• Exercise requirements: Omit the images and output every line of the data below exactly.

• Dataset extract:
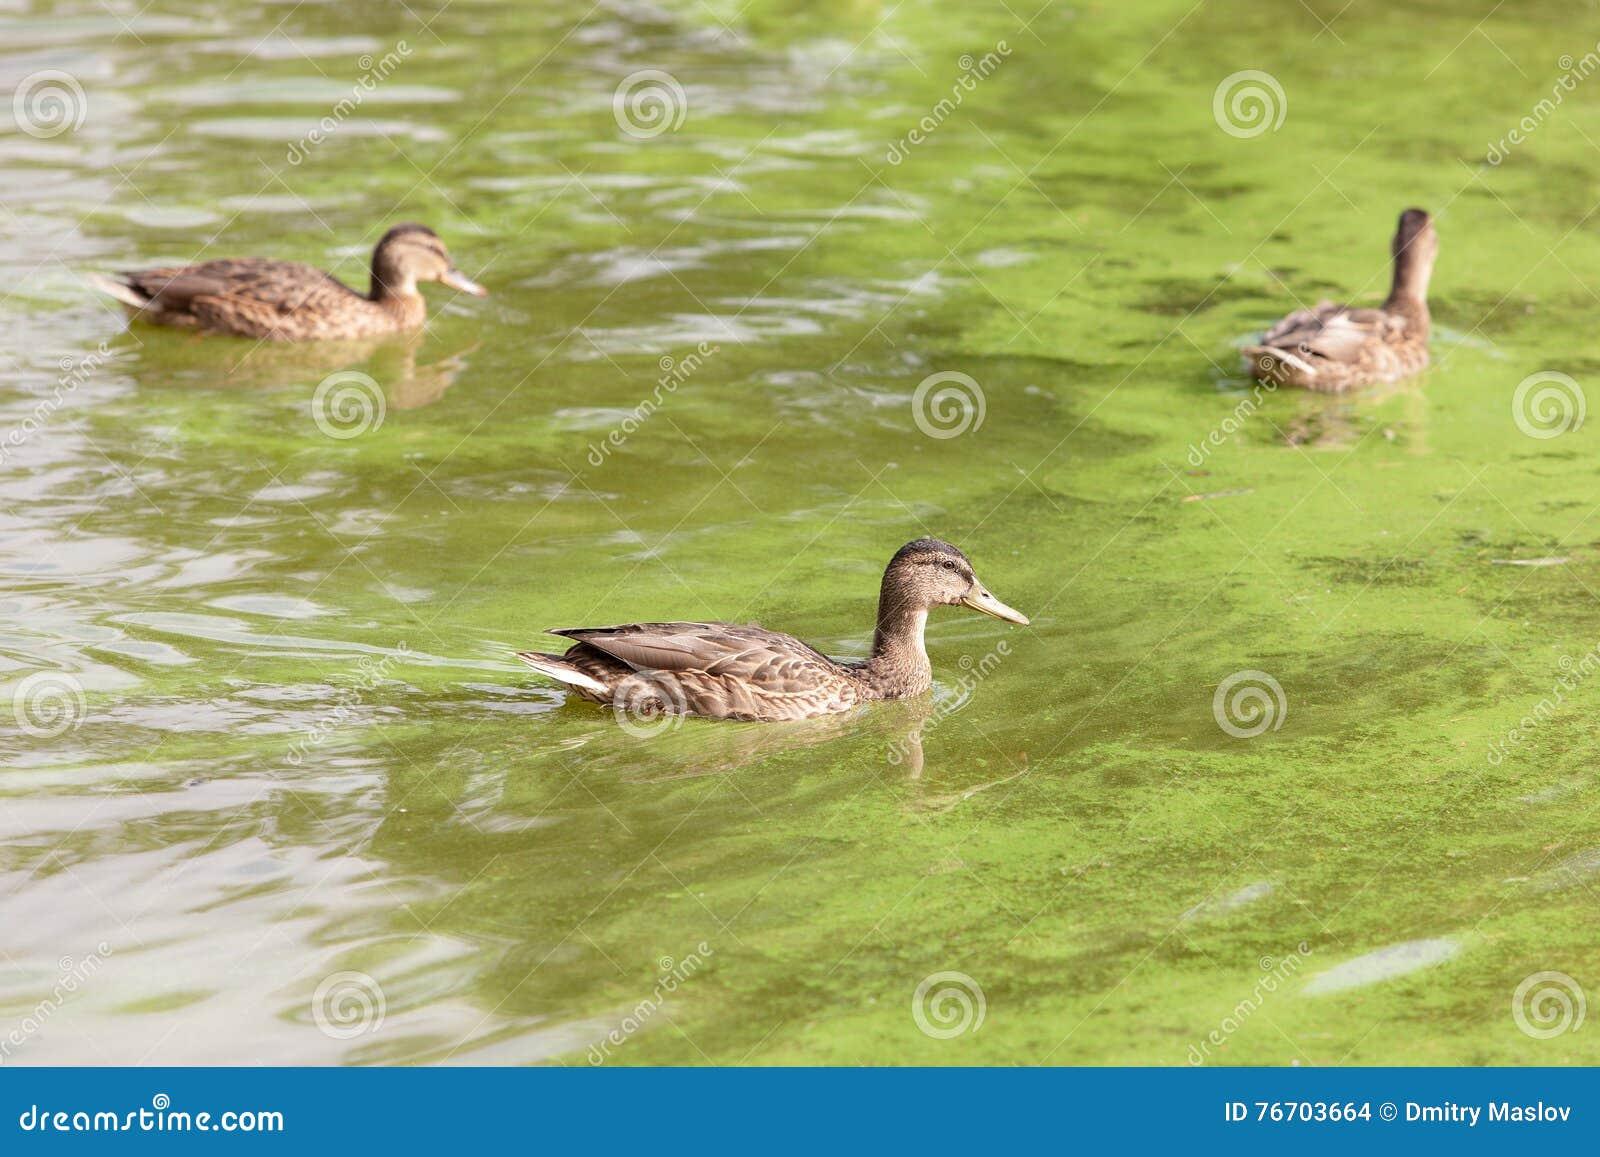 Änder som simmar i grönt vatten
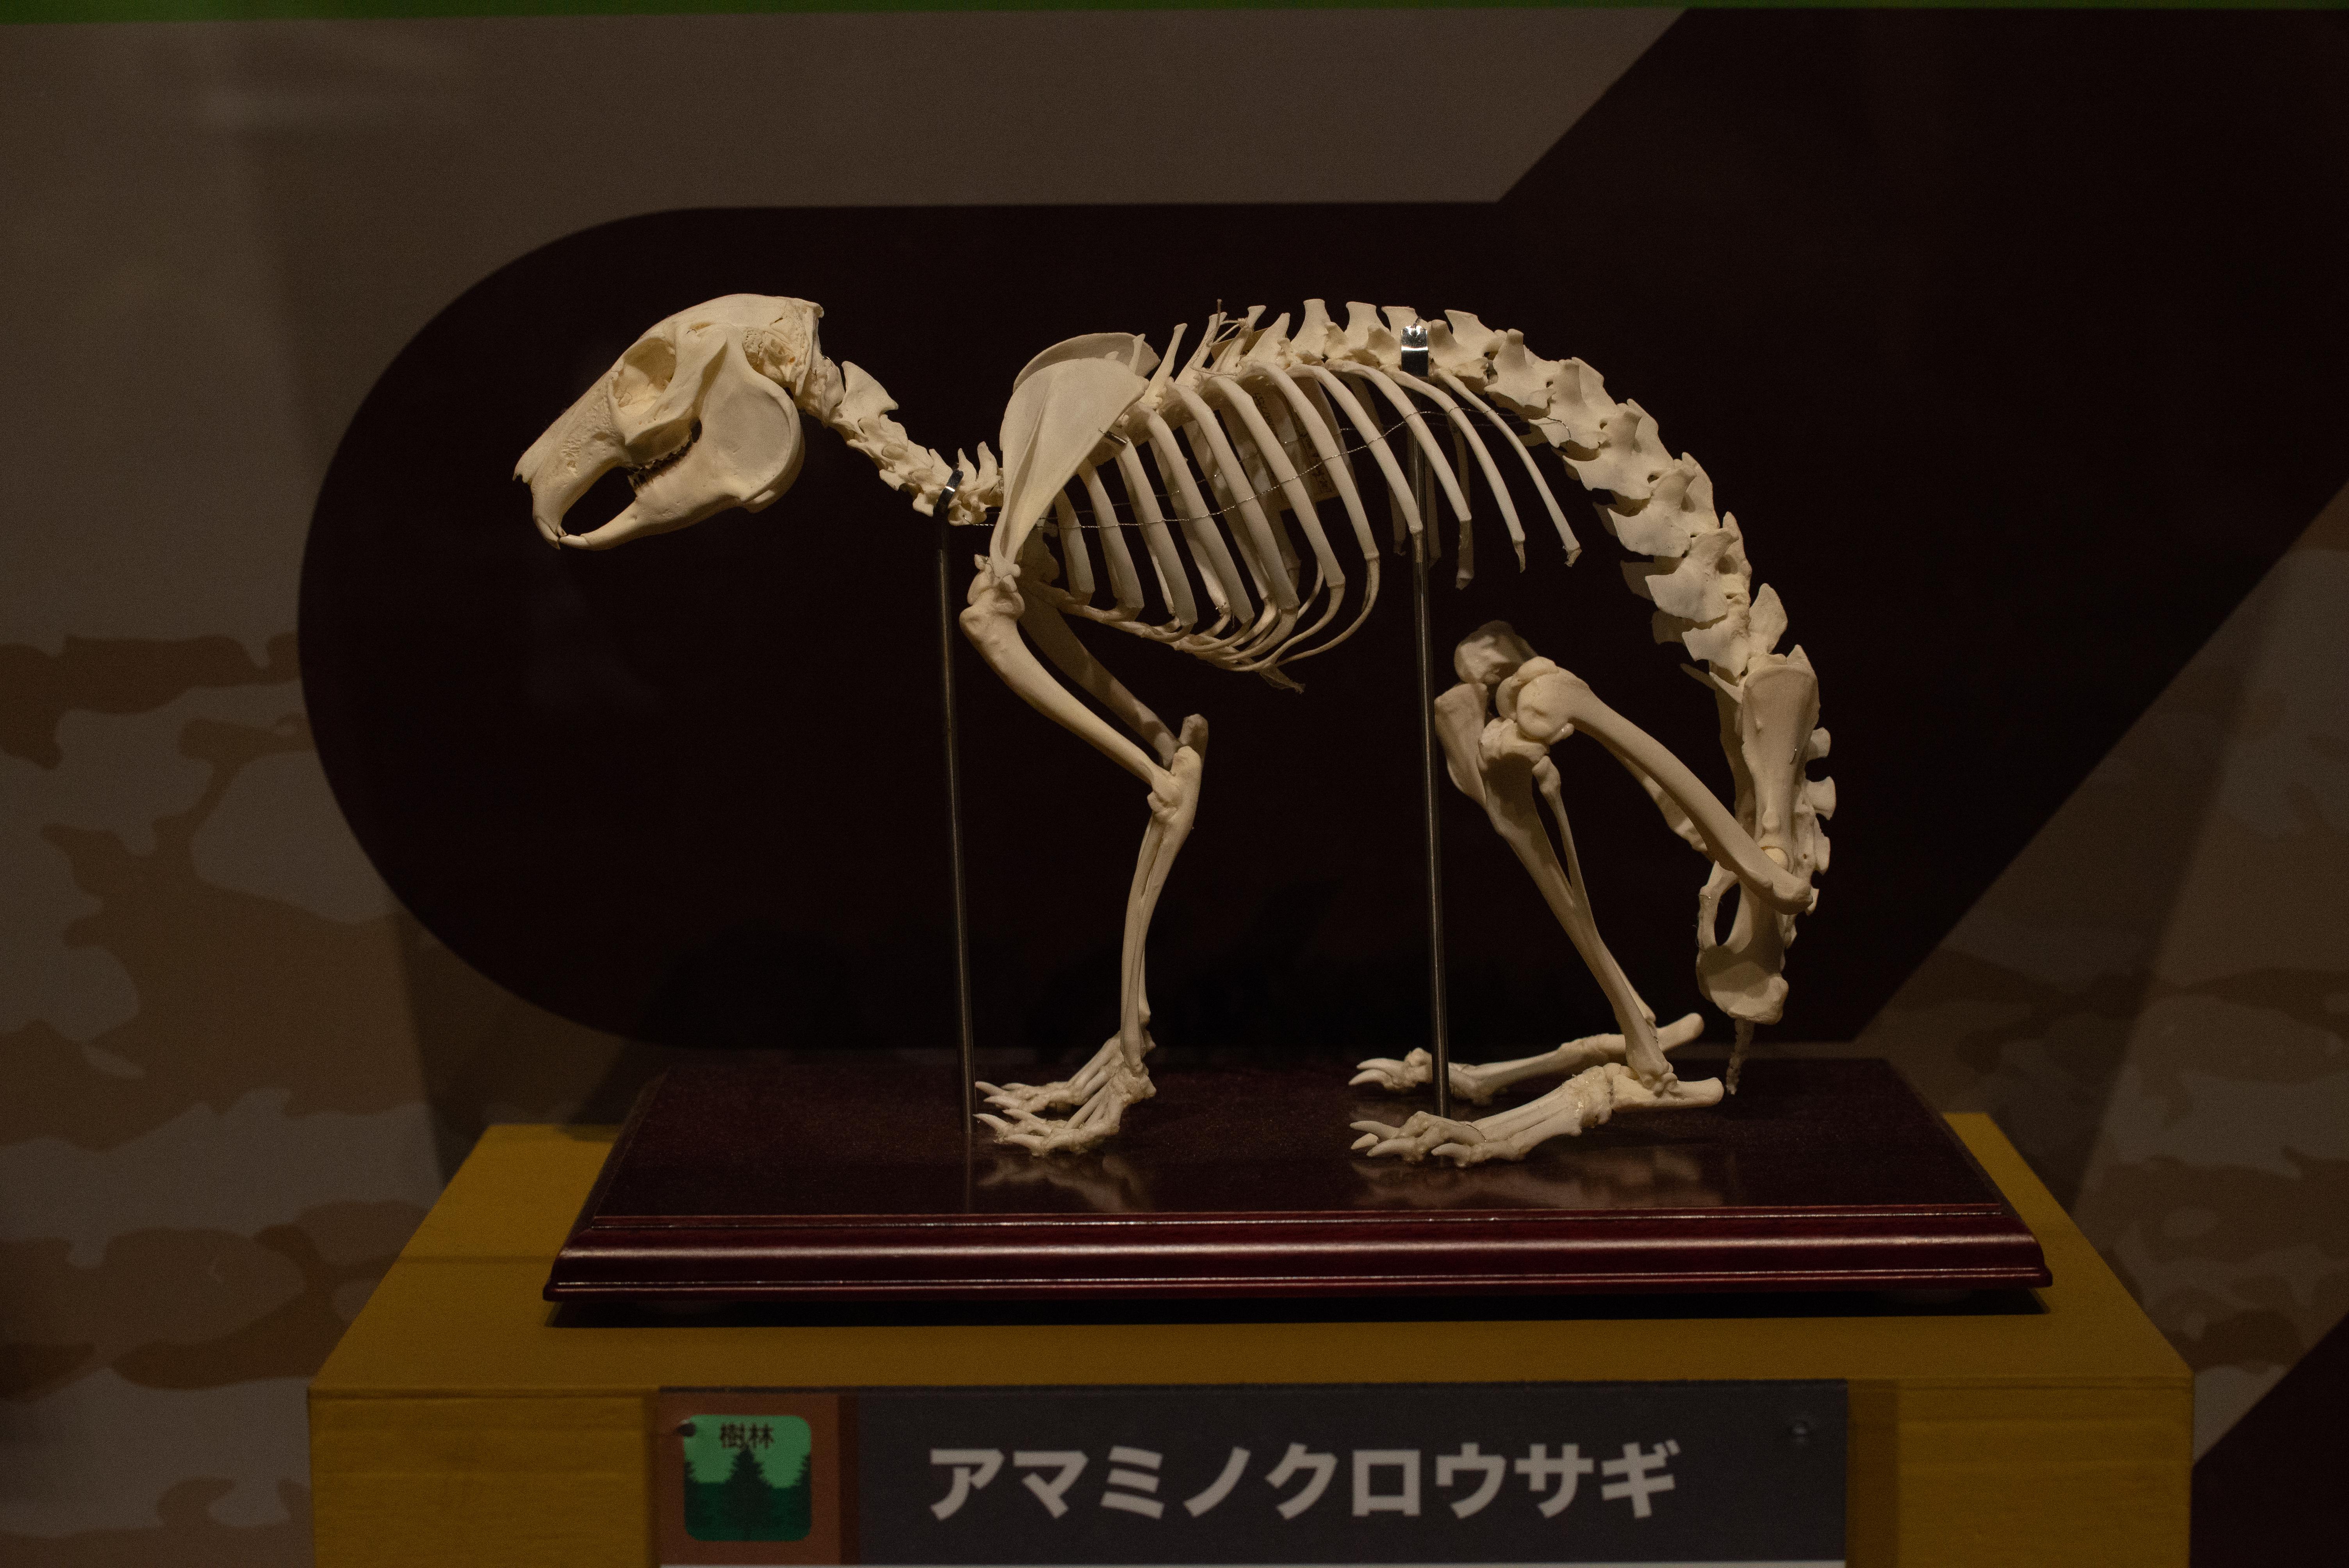 アマミノクロウサギ骨格標本
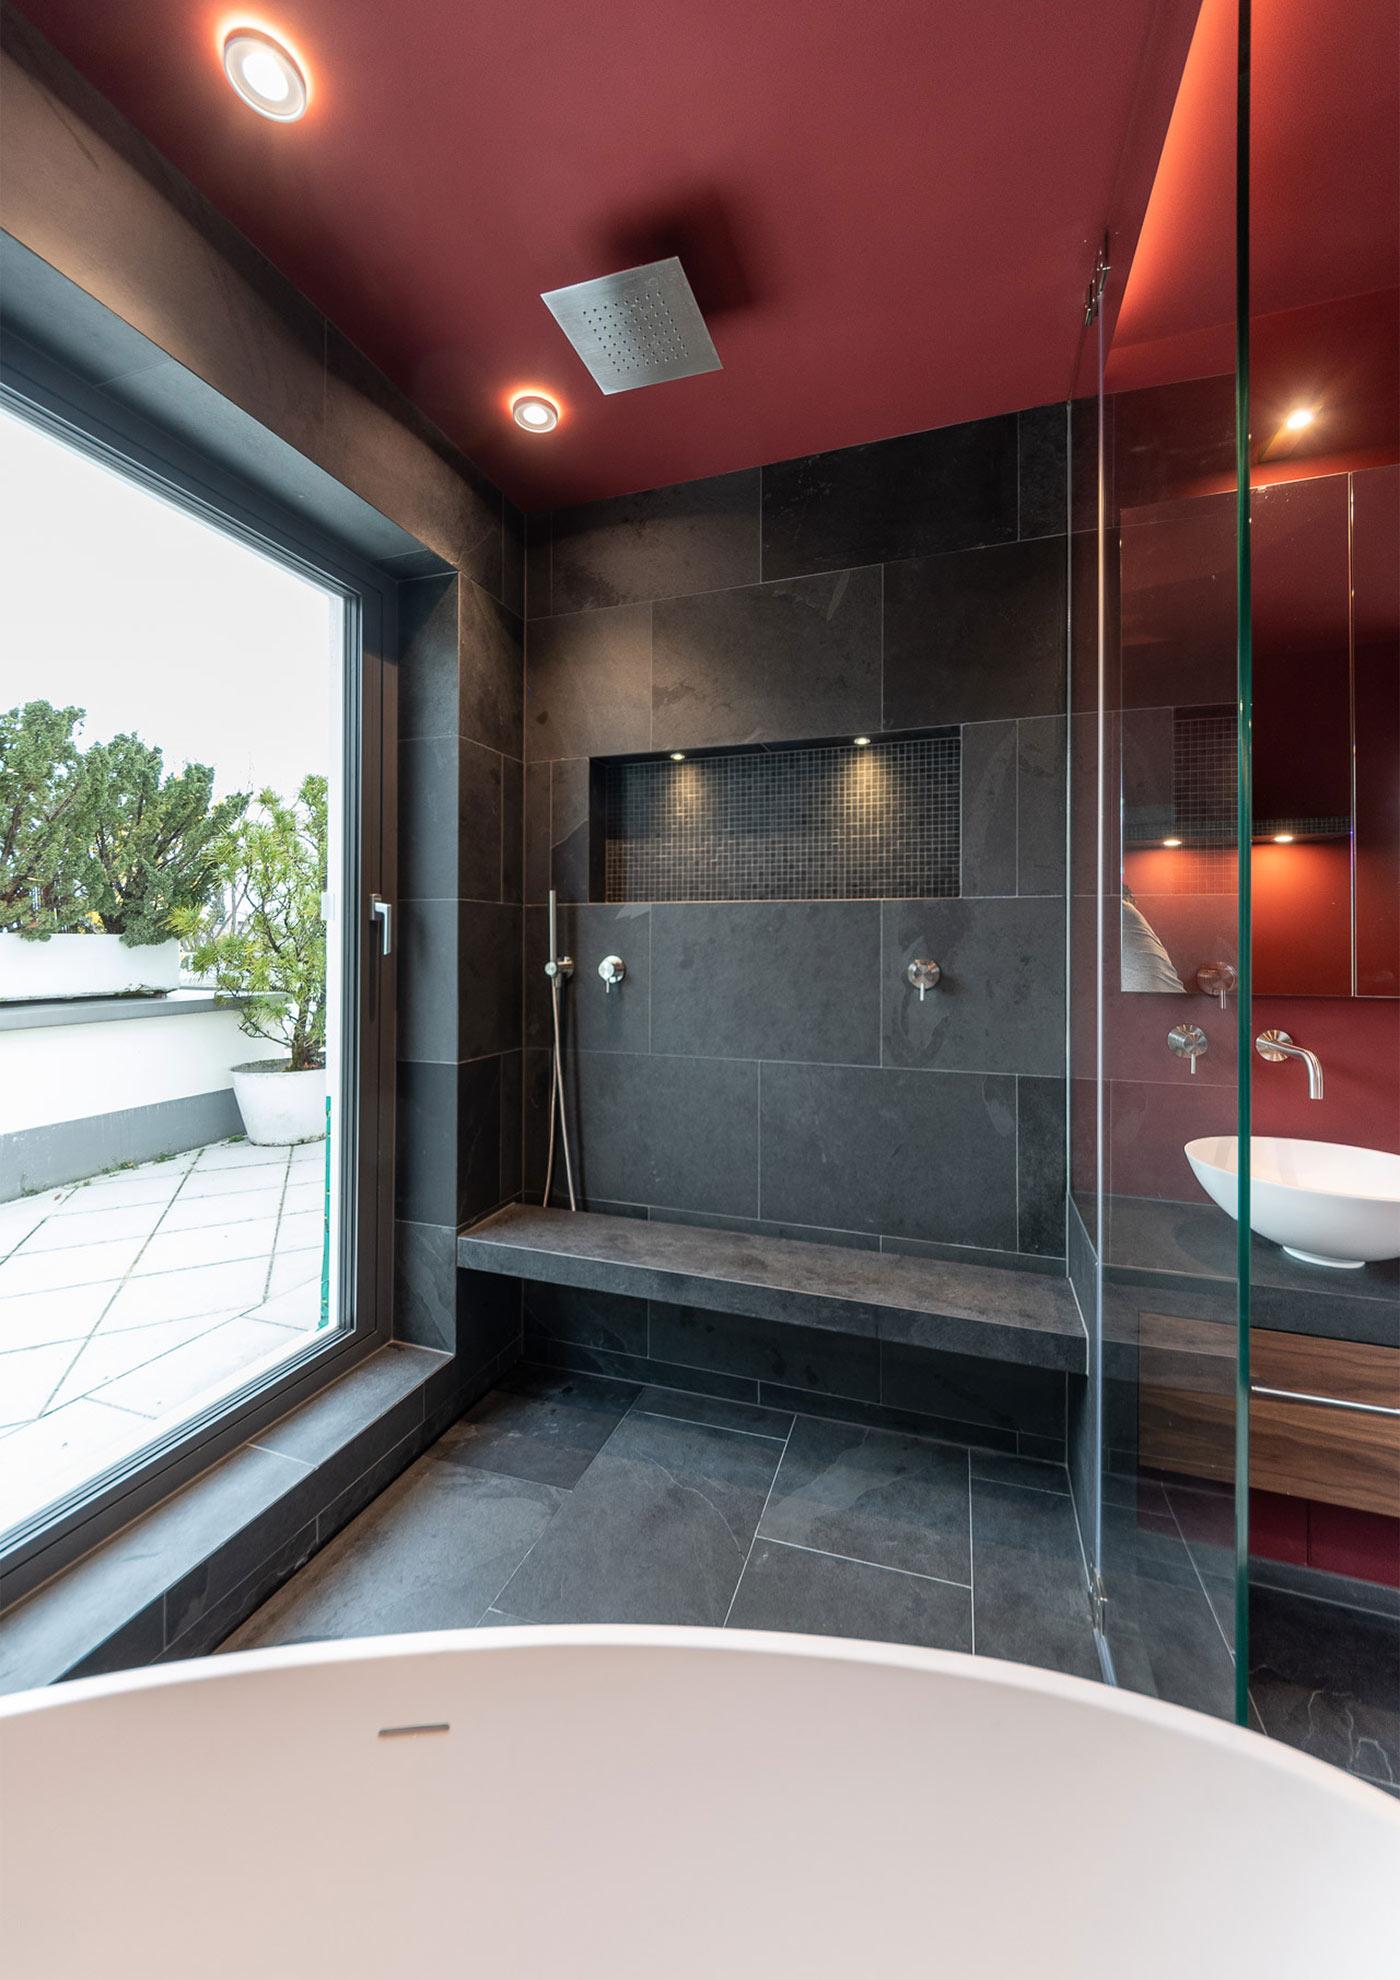 Sitzbank in Dusche

• Output of the exercise:
 Änder som simmar i grönt vatten
 アマミノクロウサギ骨格標本
 Sitzbank in Dusche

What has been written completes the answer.